DESCRIPTION OF THE TASK -> Using the data below, transcribe exactly everything from the line that contains "On Jan. 11, Okeechobee" down to the line that contains "Kartik Research - Double". Include both of those lines and none of the pictures.

[[ INFORMATION SUPPLIED open ]]

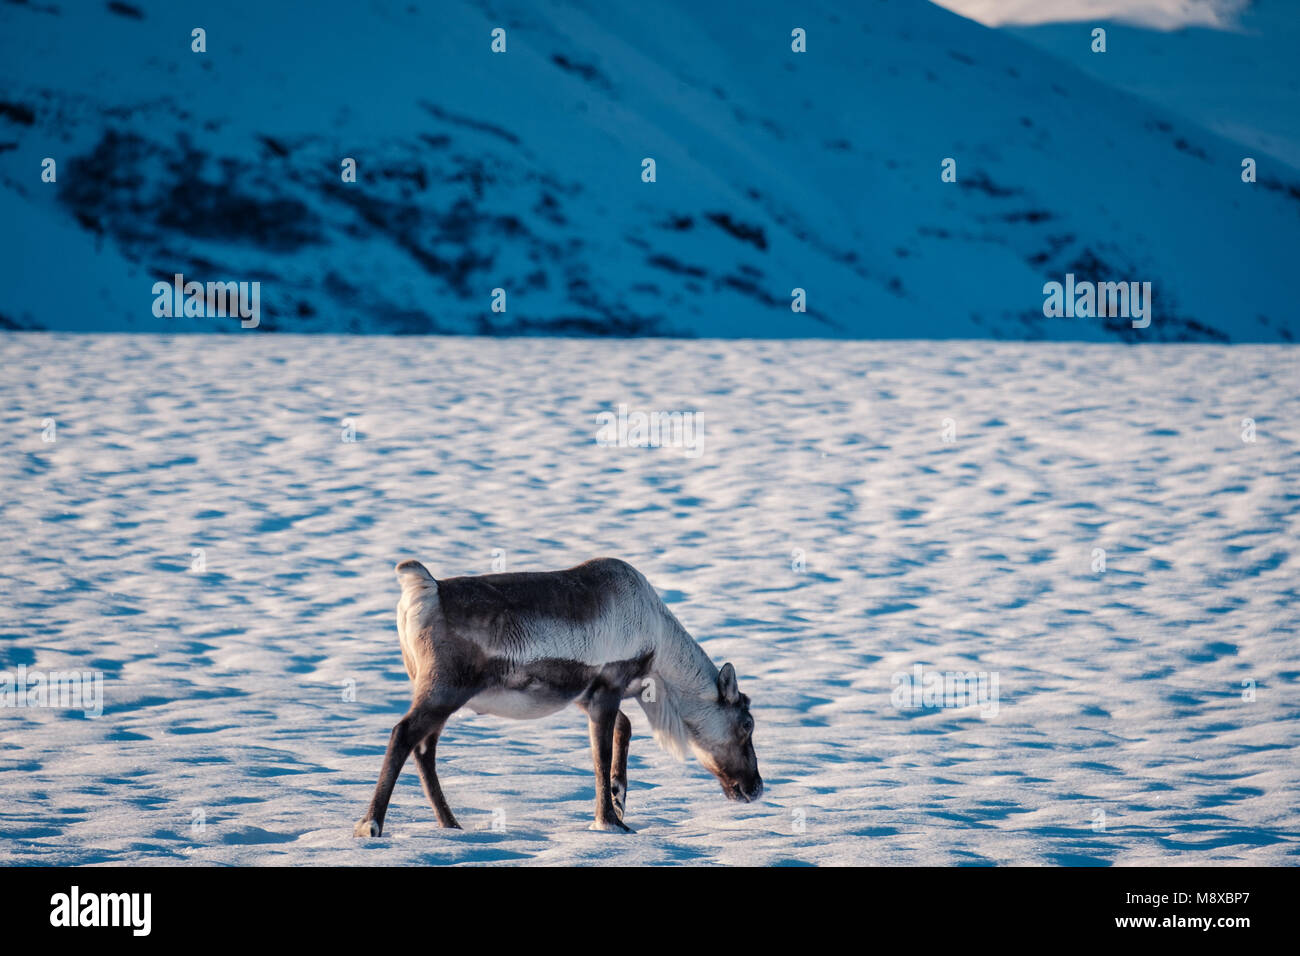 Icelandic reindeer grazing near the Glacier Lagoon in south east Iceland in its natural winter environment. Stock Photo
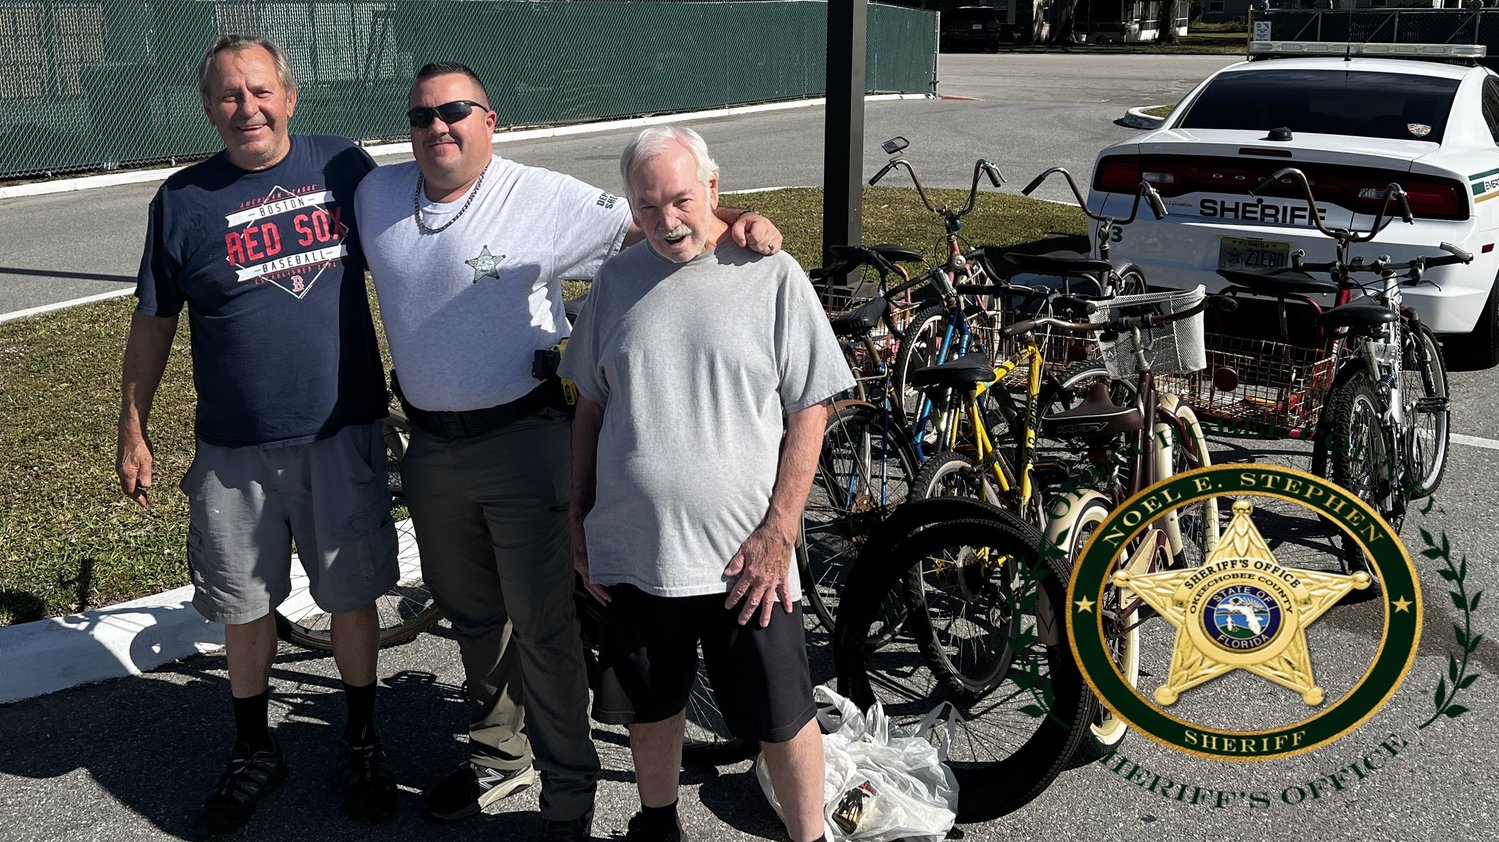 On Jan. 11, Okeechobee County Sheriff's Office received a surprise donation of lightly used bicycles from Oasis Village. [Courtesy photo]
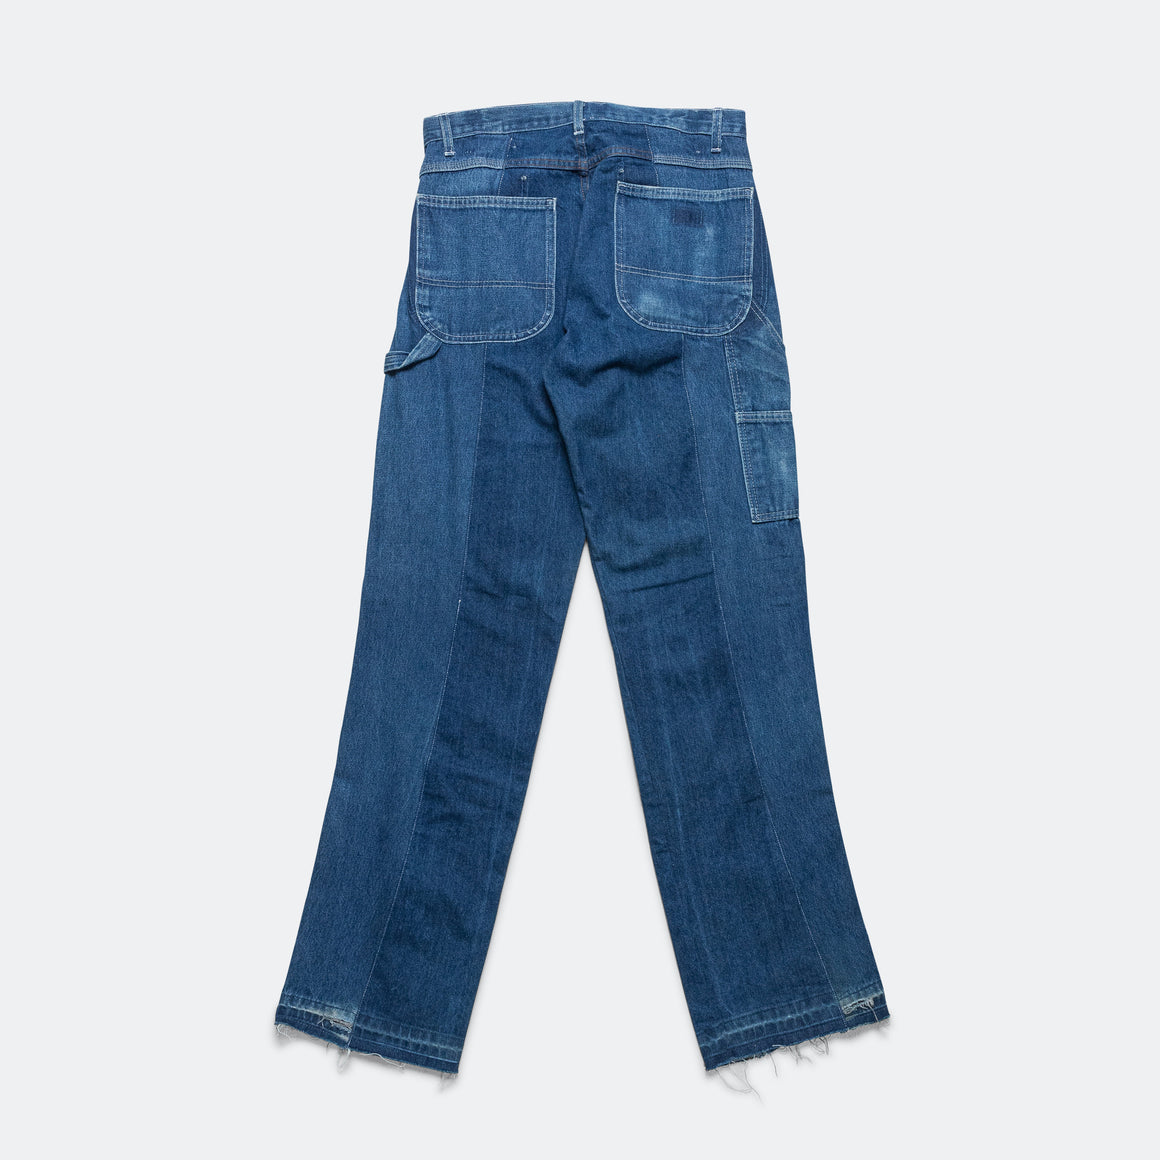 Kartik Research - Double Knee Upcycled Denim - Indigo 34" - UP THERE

[[ INFORMATION SUPPLIED closed ]]
[[ INFORMATION SUPPLIED open ]]

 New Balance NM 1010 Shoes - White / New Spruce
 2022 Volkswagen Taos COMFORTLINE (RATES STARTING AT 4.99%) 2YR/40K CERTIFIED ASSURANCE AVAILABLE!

[[ INFORMATION SUPPLIED closed ]]
[[ INFORMATION SUPPLIED open ]]

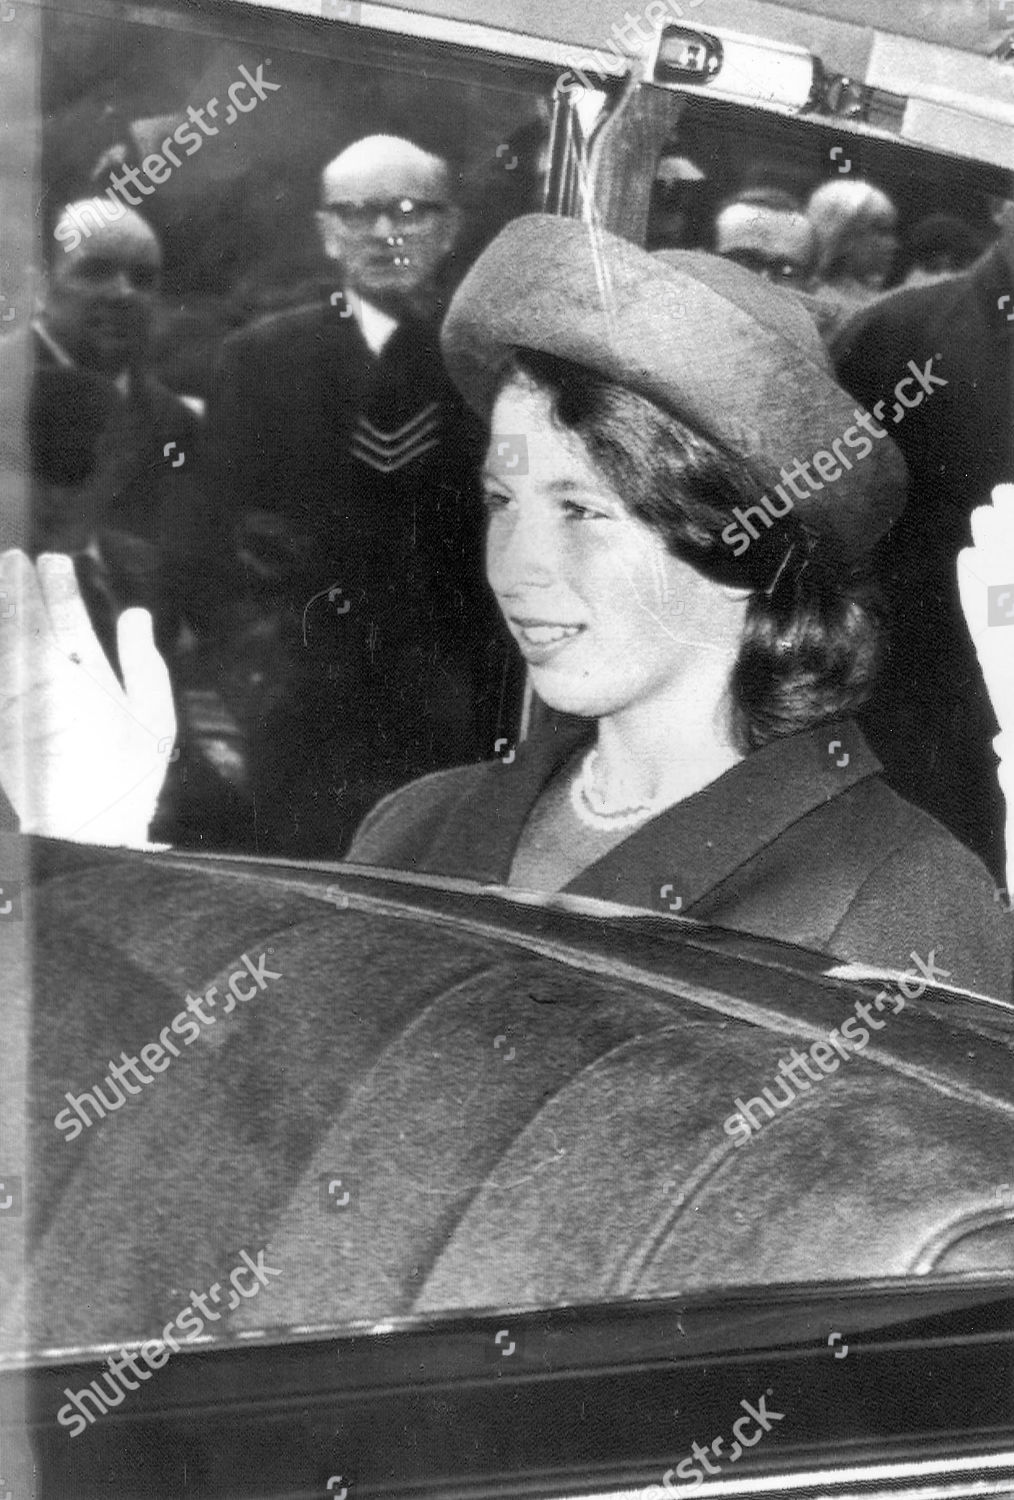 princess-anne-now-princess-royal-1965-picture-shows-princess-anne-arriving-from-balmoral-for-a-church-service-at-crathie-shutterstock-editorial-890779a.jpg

[[ INFORMATION SUPPLIED closed ]]

RESULT FOR THIS EXERCISE ->
 On Jan. 11, Okeechobee County Sheriff's Office received a surprise donation of lightly used bicycles from Oasis Village. [Courtesy photo]
 Kartik Research - Double Knee Upcycled Denim - Indigo 34" - UP THERE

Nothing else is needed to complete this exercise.